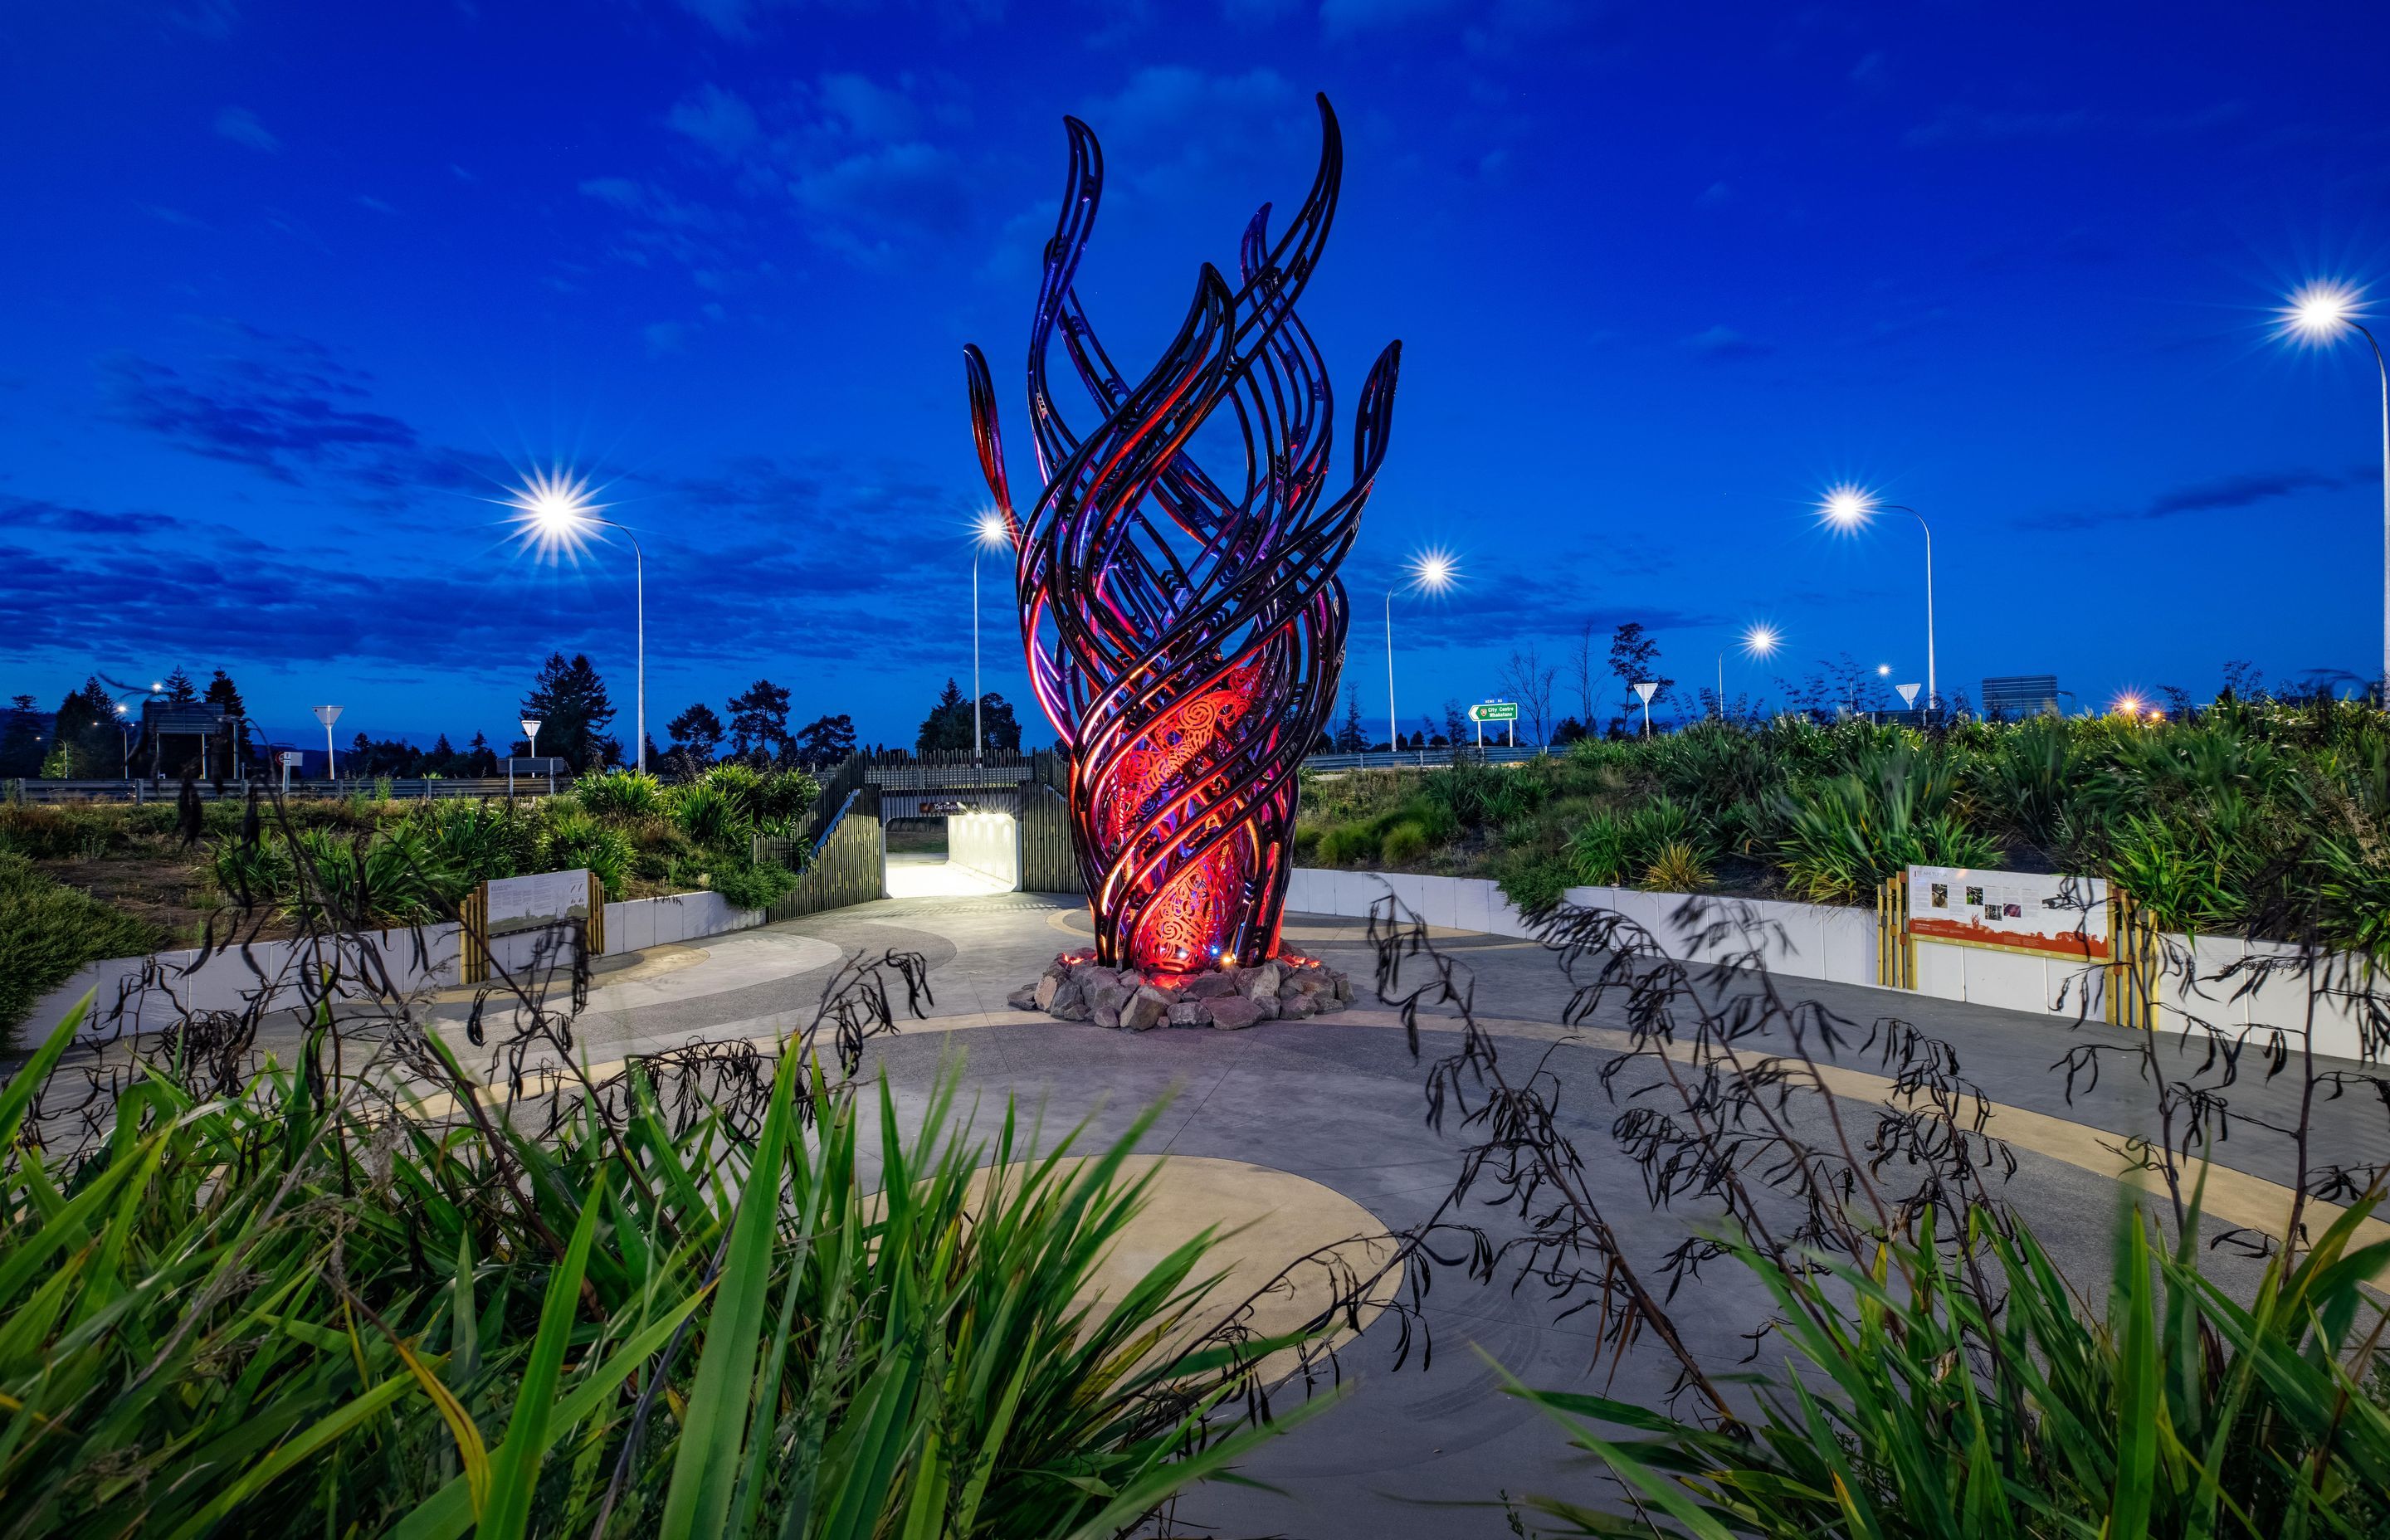 Located at the intersection of State Highways 5 and 30 at the entrance to Rotorua, Te Ahi Tupua—the Eternal Fire—is brought to vivid life thanks to the inclusion of RGBW lighting.
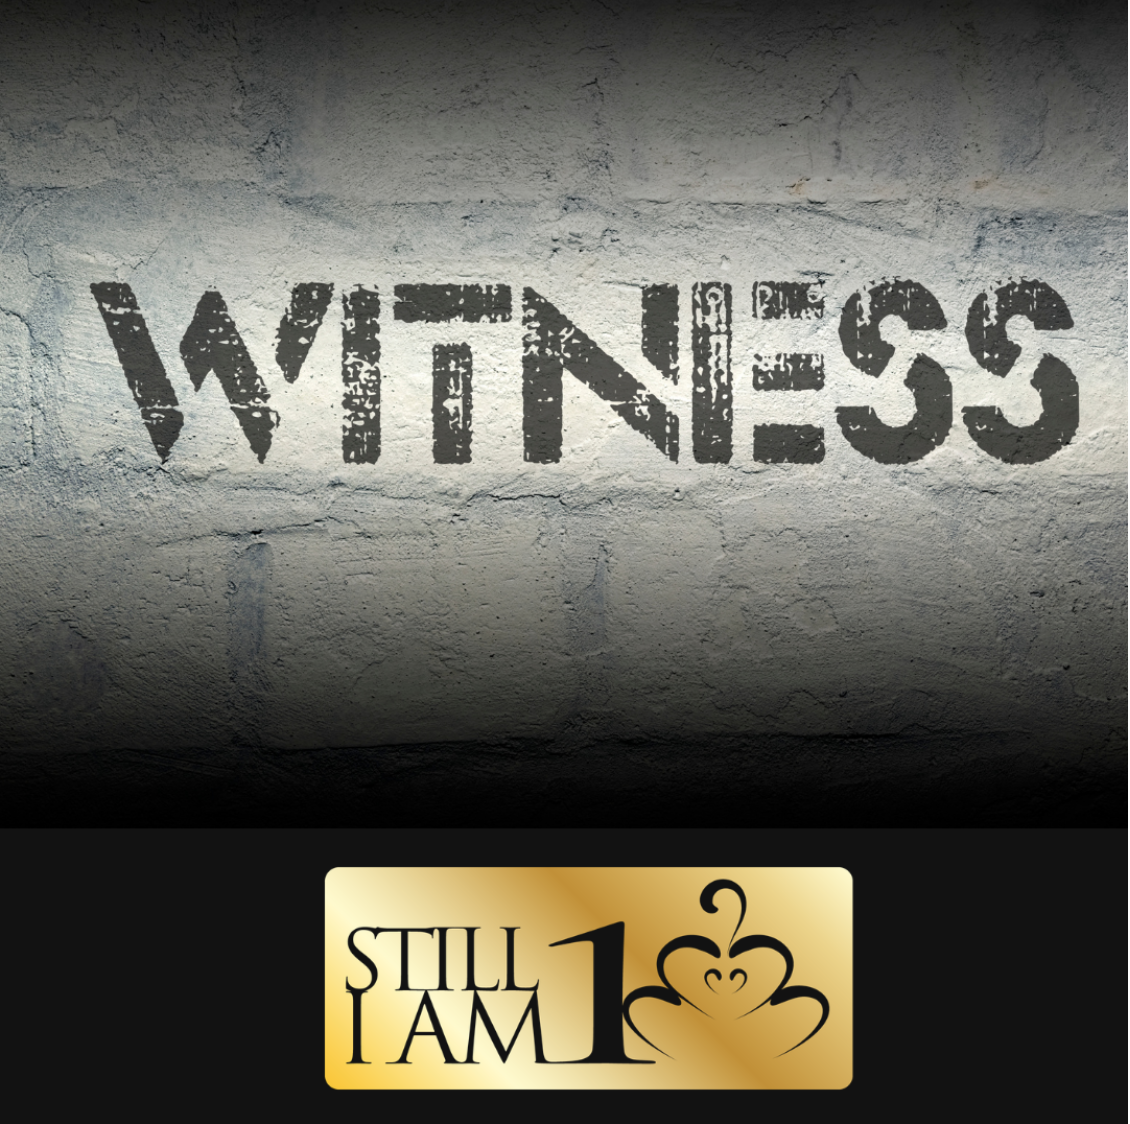 image with the word "witness" stencilled on a brick wall
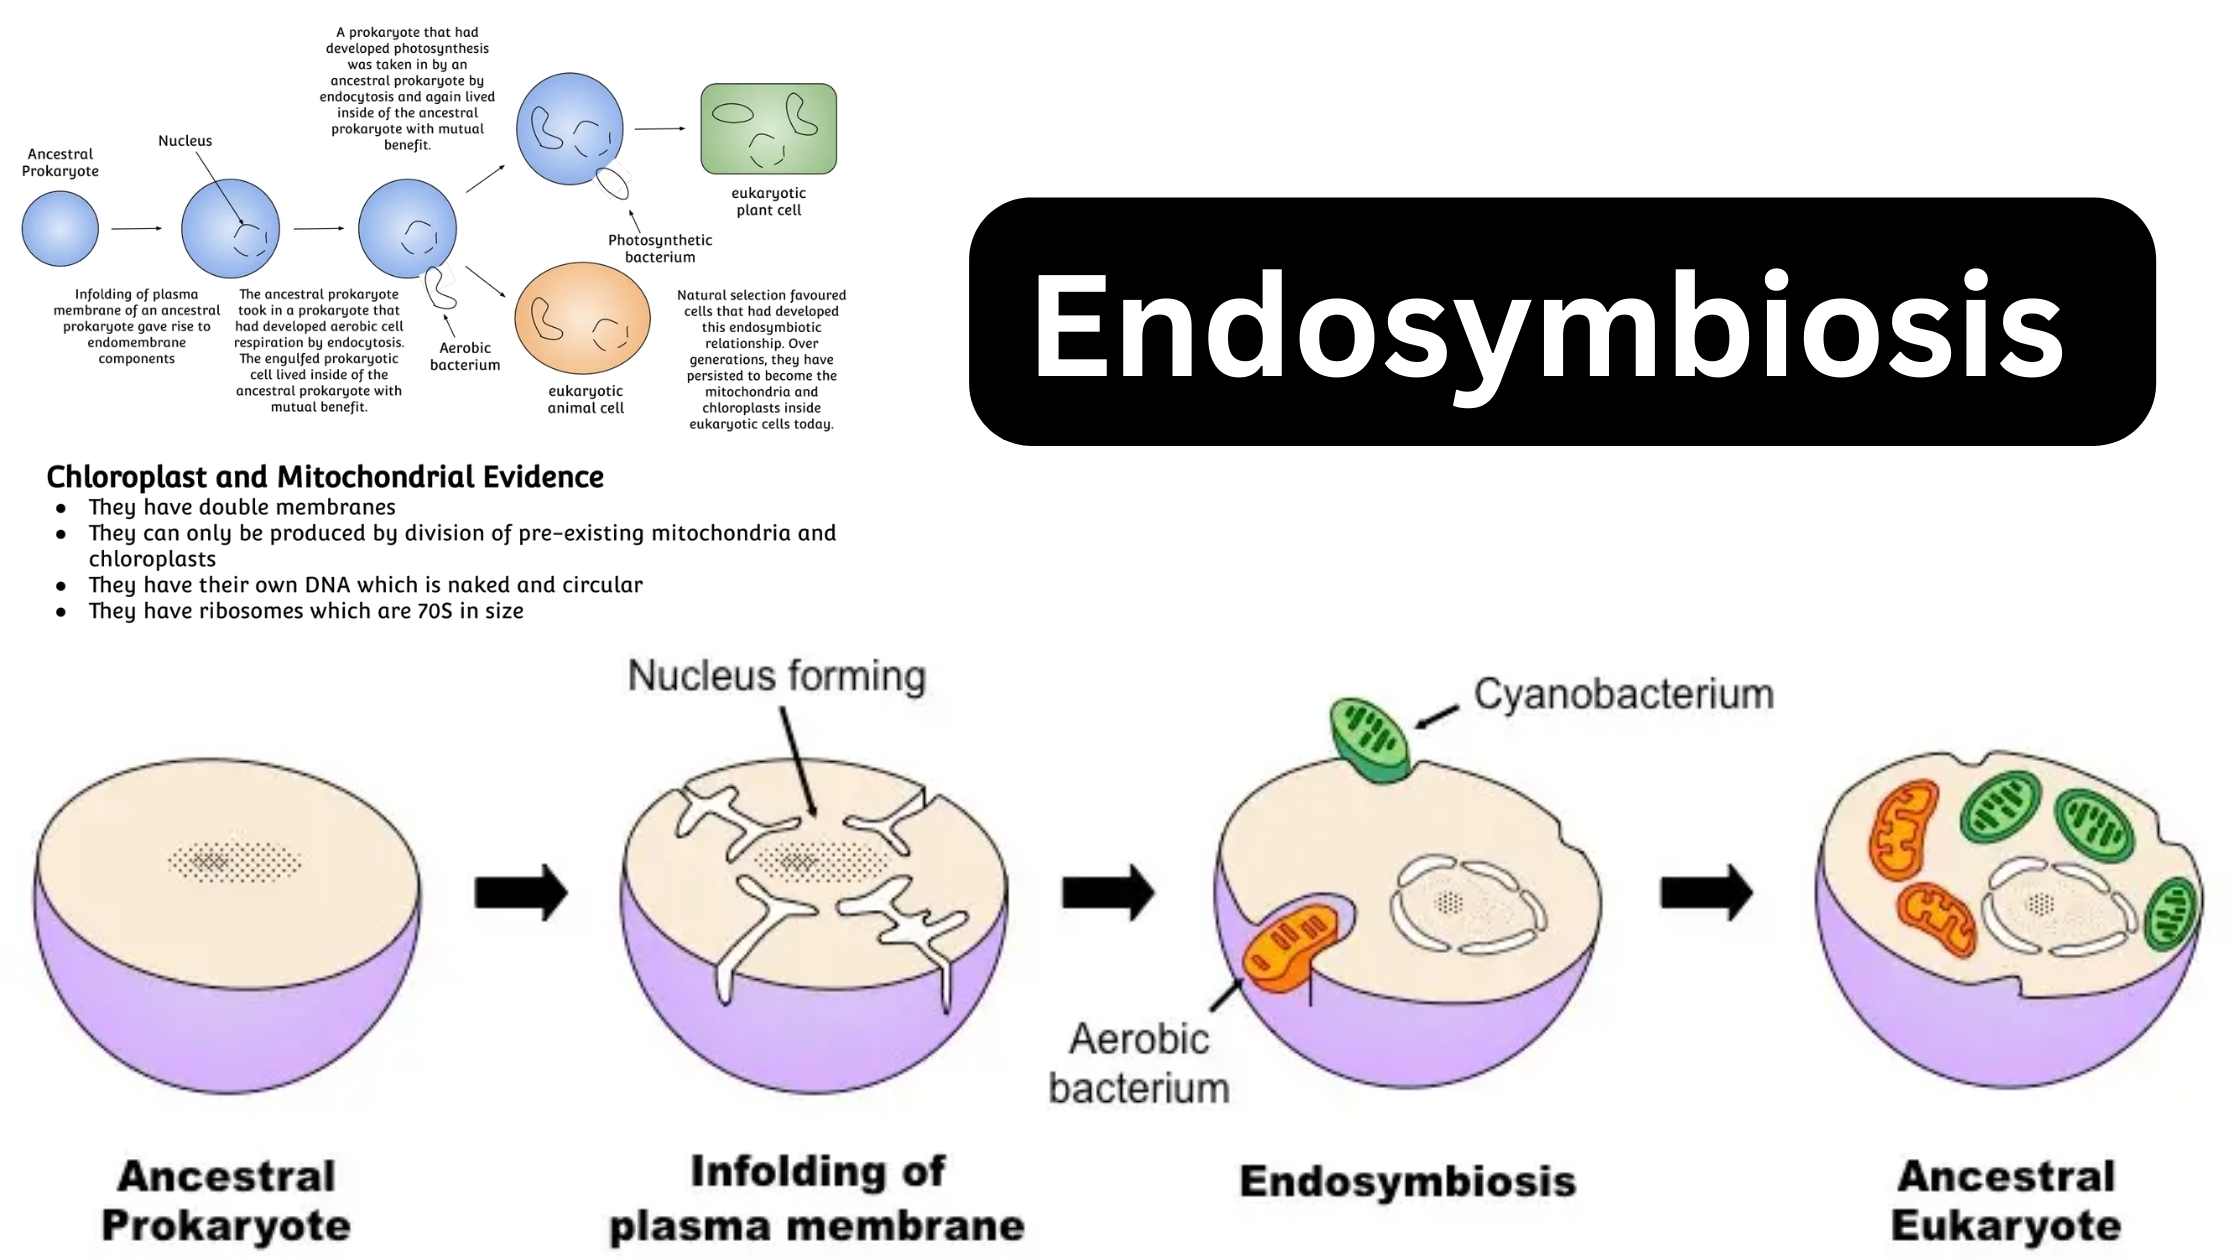 Endosymbiosis - Definition, Theory, Evidence, Examples

--

▸ **Directions**
Word-for-word output of the material above is needed, with the pictures left out.

▸ **Reply to the exercise**
 Located at the intersection of State Highways 5 and 30 at the entrance to Rotorua, Te Ahi Tupua—the Eternal Fire—is brought to vivid life thanks to the inclusion of RGBW lighting.
 image with the word "witness" stencilled on a brick wall
 Endosymbiosis - Definition, Theory, Evidence, Examples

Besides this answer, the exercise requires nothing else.